# What is being asked:
This exercise calls for the whole listing to be given again exactly, without images.

# The data:

++++++++

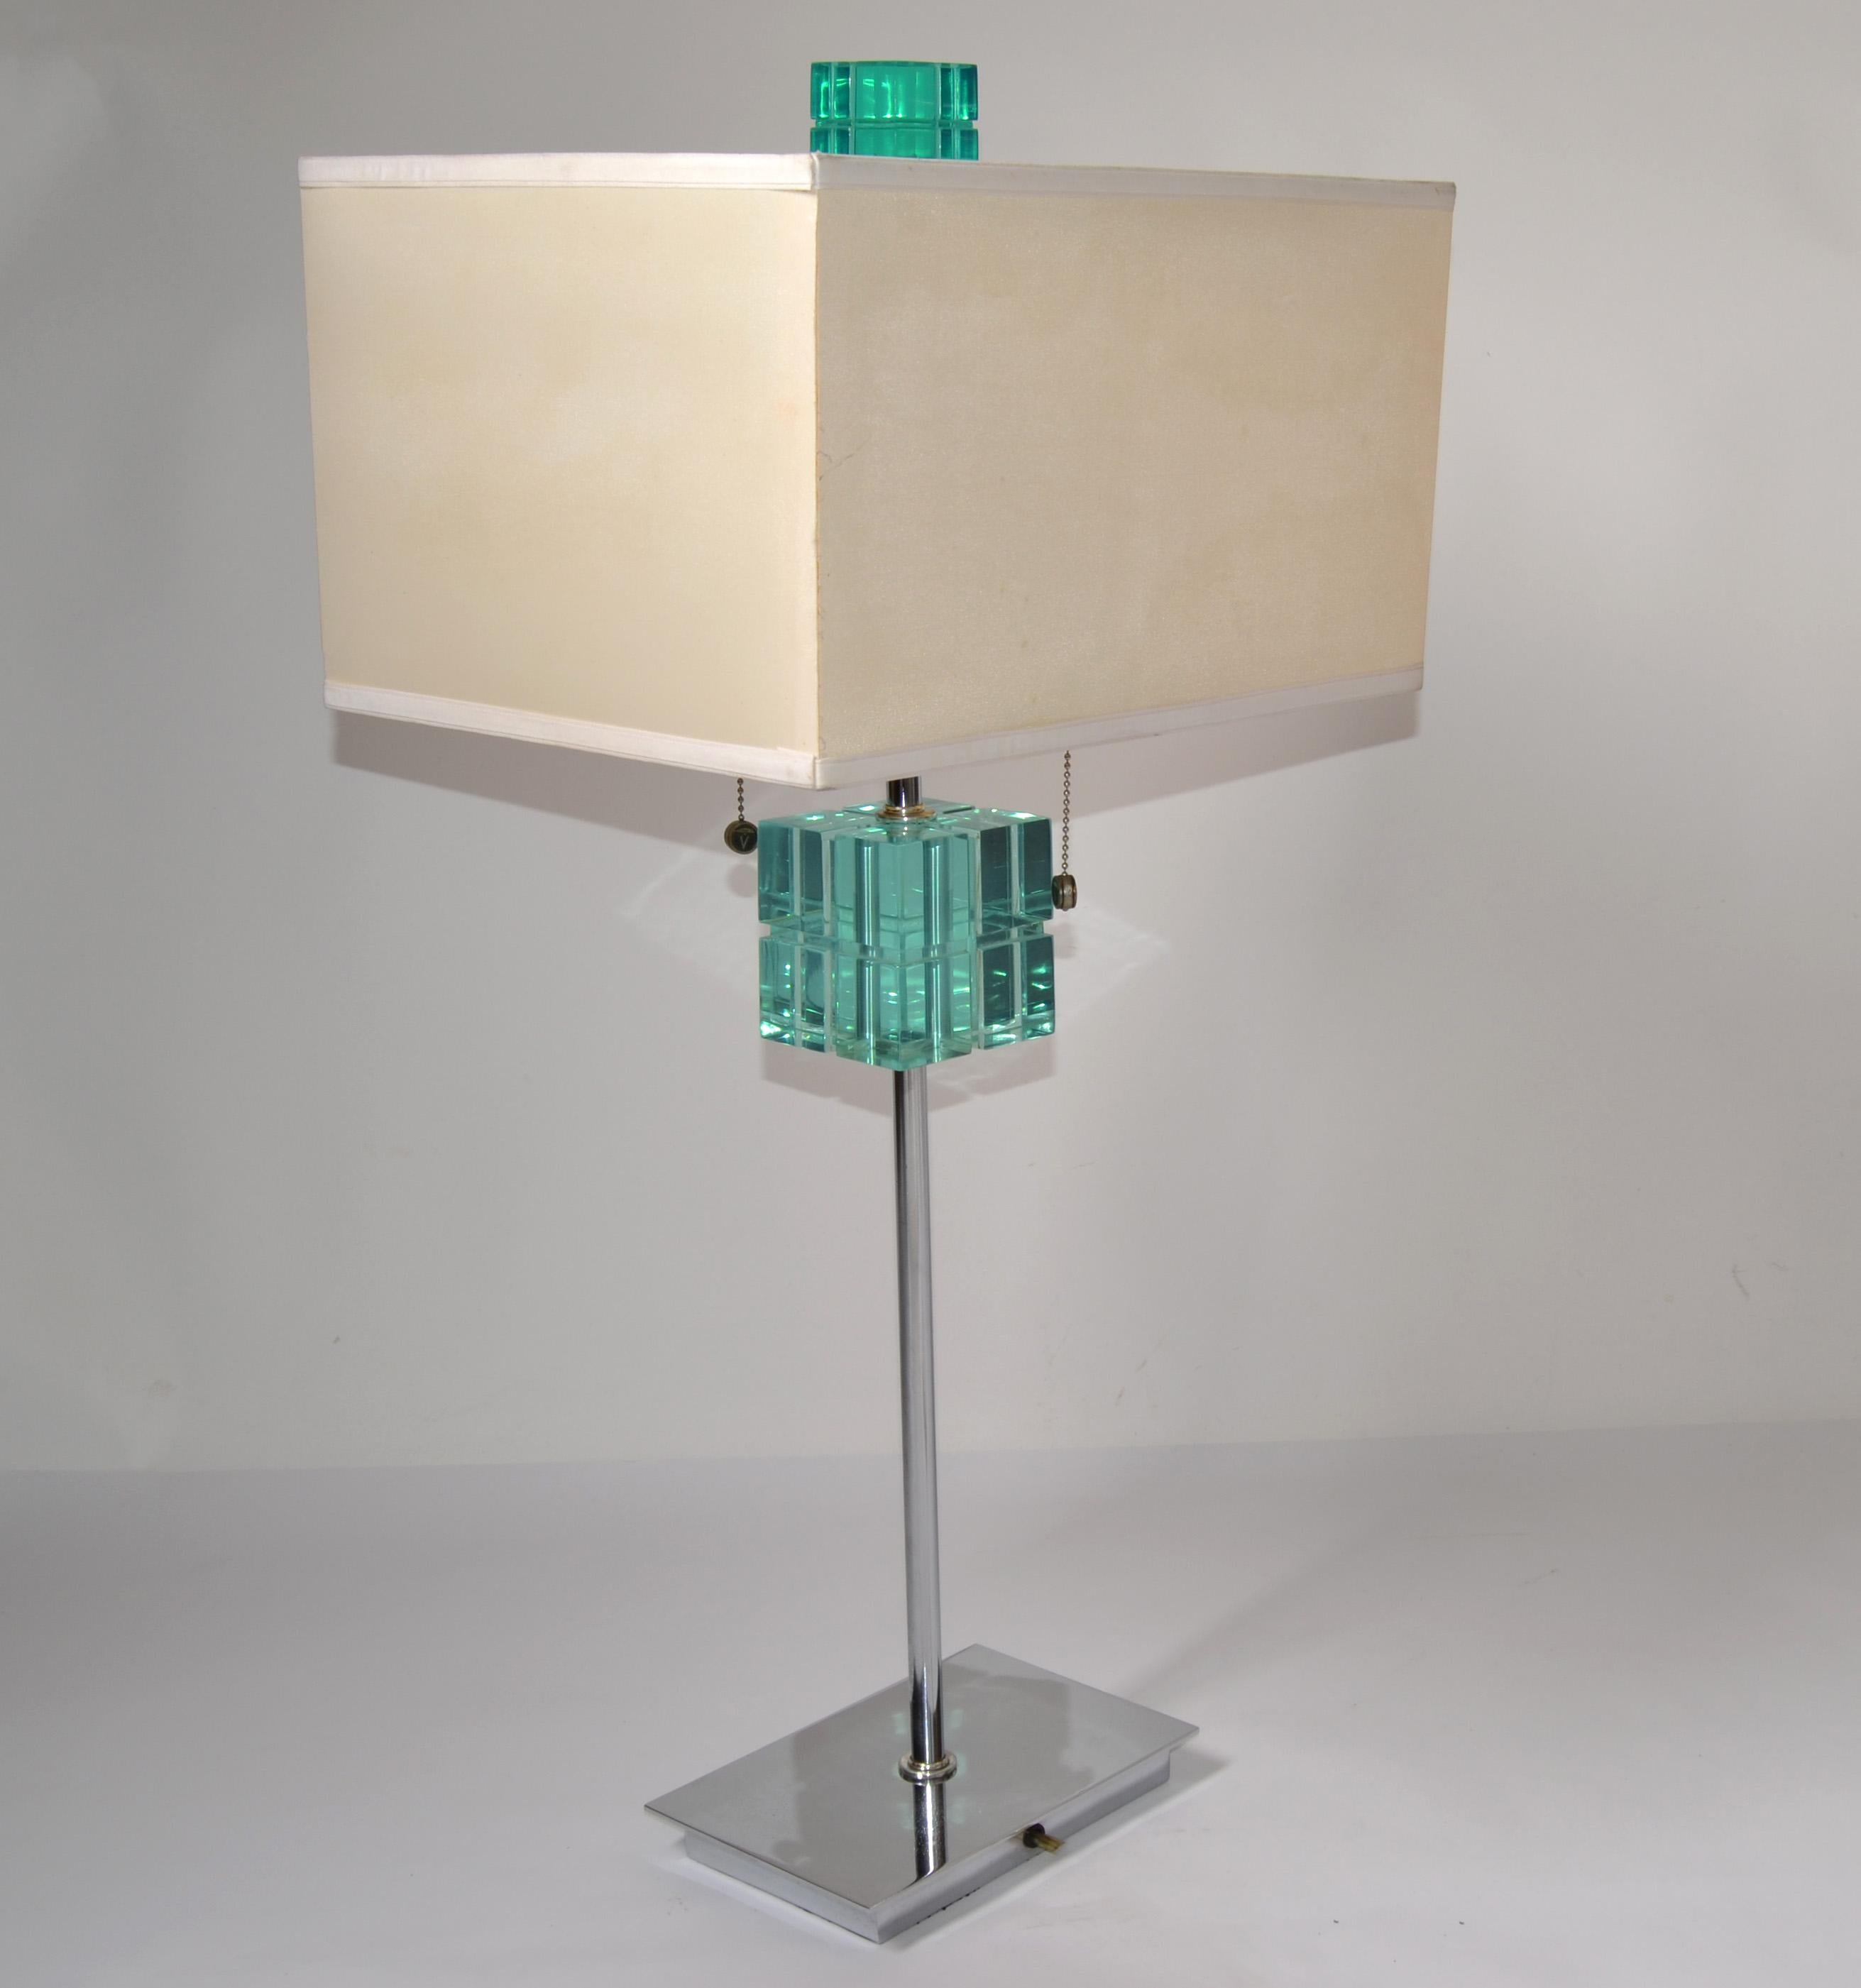 Hivo Van Teal Mid-Century Modern transparent emerald green Lucite and Chrome table lamp with rectangle beige fabric shade.
Nickel hardware with S- double cluster sockets and pull cords. US wired, UL Listing and in working condition.
Marked at the

++++++++

# Written response:
 Hivo Van Teal Mid-Century Modern transparent emerald green Lucite and Chrome table lamp with rectangle beige fabric shade.
Nickel hardware with S- double cluster sockets and pull cords. US wired, UL Listing and in working condition.
Marked at the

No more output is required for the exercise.